Wednesday, May 15, 2013

Jennifer's Bloggin': Please

Jennifer's Bloggin': Please: I want to live a happy life. I want to be in love. I want to be Mrs. Dieng. I want to take care of my family. I want you to be the ...

Please


I want to live a happy life. I want to be in love. I want to be Mrs. Dieng. I want to take care of my family. I want you to be the man of the house. I want you and Isaiah to get along and even be friends. He doesn't need a father - he already has one, but I want you to help him be a better boy, and give him an example of what it means to be a good man. I want him to show you that he can listen and learn. I want to learn more about your culture. I want to speak to you in your tongue. I want to take care of you when you're old and grey, as you take care of me. I want you to trust that me and Isaiah respect you. I want peace. I want you to love me and feel comfortable enough to tell me. I want to live a happy life.
I know what I want, and I'm willing to be patient, but I need you to be patient too. Please.

Wednesday, May 8, 2013

Sticks and Stones

Dear Marco,

 I only know one side of the story, but I do want to offer my apologies for the words that Levon used yesterday.  He said that he was frustrated because you’d hit him in class and then started talking smack about it ever since.  I know that Levon can defend himself, so I'm sure he didn't want to cause attention and get either of you in trouble, but the jab pissed him off.  He wanted you to feel the way he was feeling, and he dug deep.  Too deep!

Levon is not prejudice and narrow minded.  He understands the struggles that people go through to come to this country to make a living for their family.  He knows because we talk about it.  And he has been raised to appreciate and respect everyone until they give reason not to. 

Friends know what buttons to push and that’s why they push them.  I know Levon will think twice before he expresses himself.  Just as I hope you won’t call anyone an African monkey again.  I don’t blame you.  He called you illegal, but two wrongs don’t make a right. 

The way I see it, you were both wrong, and you both need to apologize to each other and move on. 

You know I think you’re a great guy.  I always will, regardless of if you and Levon stay friends. 

I hope you both learned a lesson.  Sticks and stones can break your bones and words can f*ck everything up. 

Keep your hands to yourself man, and I promise that Levon will not come off foul to you again.  It’s not in his nature. 

I hope you have a great day! 

Sincerely,

Miss J

Thursday, May 2, 2013

Military Deaths and Accidental Suicides

I’m surprised that male-to-male rapes in the military have not received a great deal of media attention.  I would assume it’s because many of the victims would not or could not come forward with their charge of military-on-military assault.  I’ve read that rape is about power and control and exerting a dominant force.  For the male victim, I would speculate that it’s a source of shame and feeling as if they’ve been robbed of their manhood. 
Though it’s not in anyone’s best interest, I totally understand why one would self-medicate on drugs and alcohol.  A flashback of rape could be just as bad or worse as seeing combat death, as it’s a death of another sort… a death of pride and self-respect, which is the epitome of military character. 
I can’t speak for all men, but from my life experience, it seems as if men aren’t as forthcoming as women with their feelings, so psychotherapy could be a long and costly (but necessary) process. 

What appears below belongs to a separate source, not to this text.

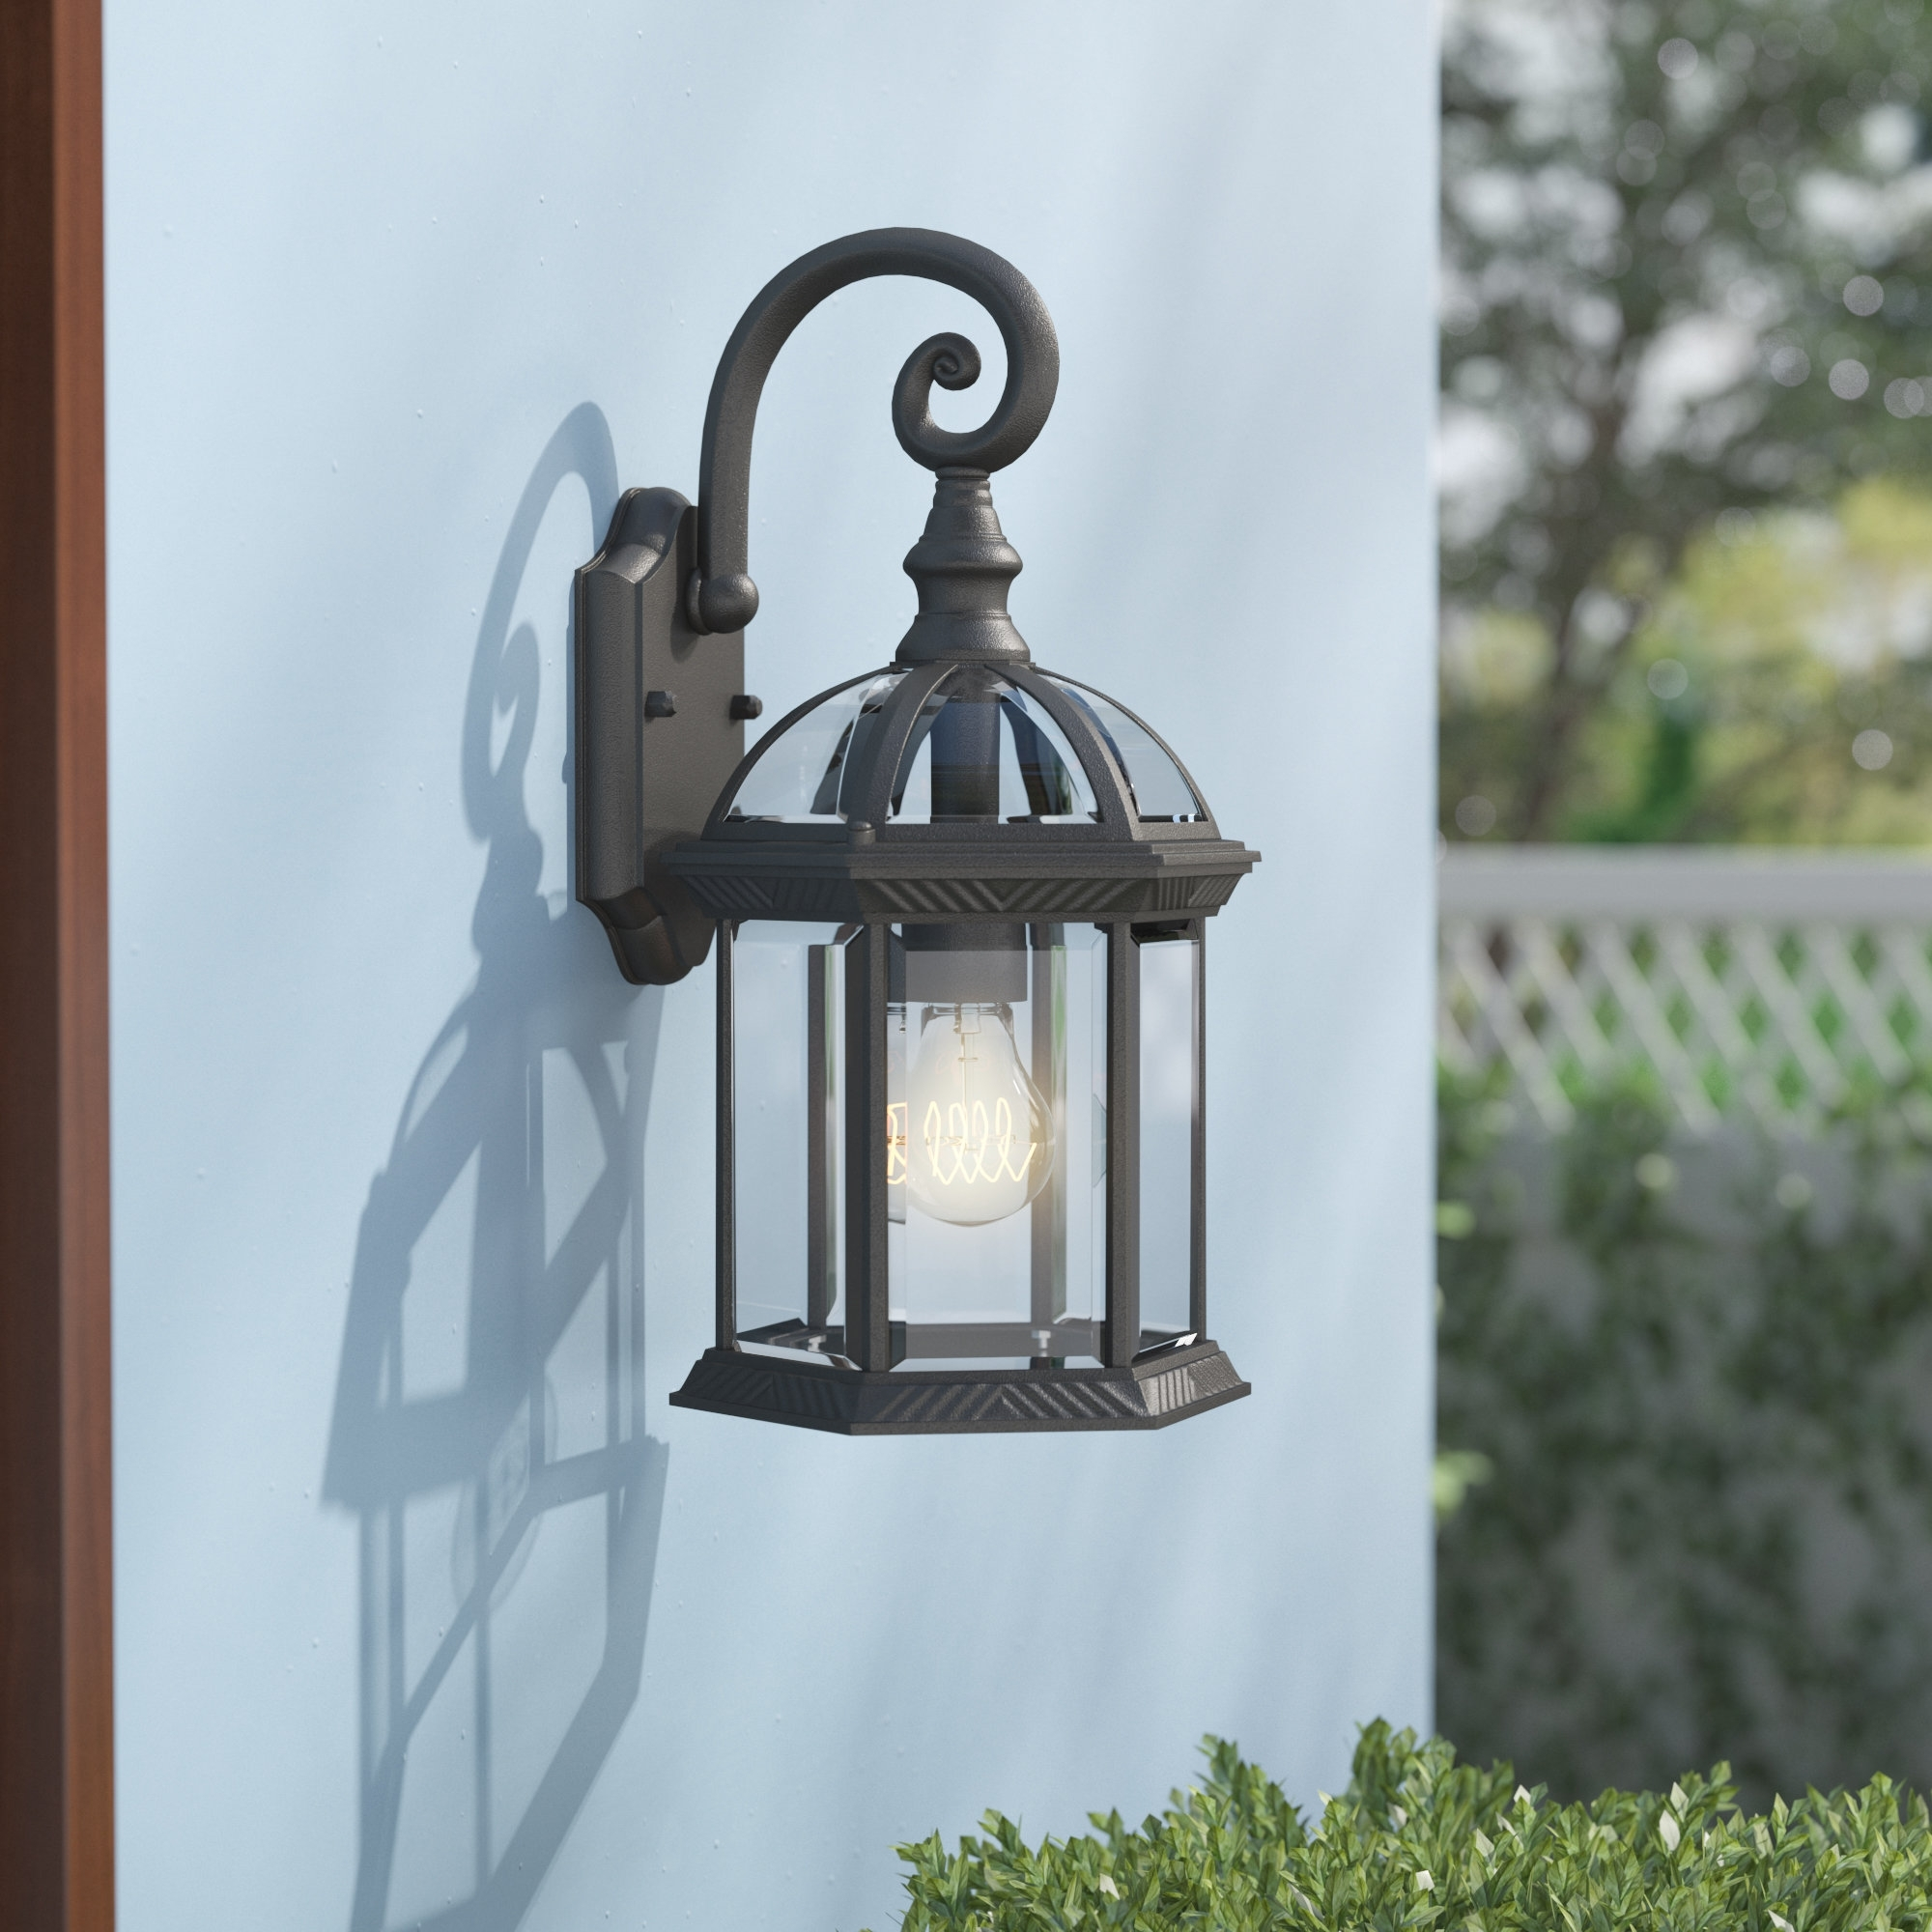 Famous Joanns Outdoor Lanterns Throughout Astoria Grand Caroline 1 Light Outdoor Wall Lantern & Reviews (View 5 of 20)

Keeping such a dreadful experience secret would obviously be as detrimental to one’s mind as releasing the ugly truth.  I wouldn’t be surprised if reports found that many assailants were victims.  I wouldn’t be surprised if victims started to take matters into their own hands if they felt that justice would not prevail.

Regardless of no longer fearing losing one’s job due to sexual orientation, I’m sure that some victims are afraid of being labeled as homosexual and that keeps them from coming forward.  I’m sure they’re afraid of military retaliation and/or fraternization, which keeps them quiet.  I’m sure these veteran-victims are raging with anger and disgust because they were attacked by a comrade. 

I do hope the military really dives into figuring out how to reduce military-on-military assault, which reasonably seems like one [of many] causes of the accidental deaths and suicides in the military.  We need to do a better job with protecting our veterans because it’s the right thing to do.  After all, these are the people that fight, govern and die so that we are safe and protected.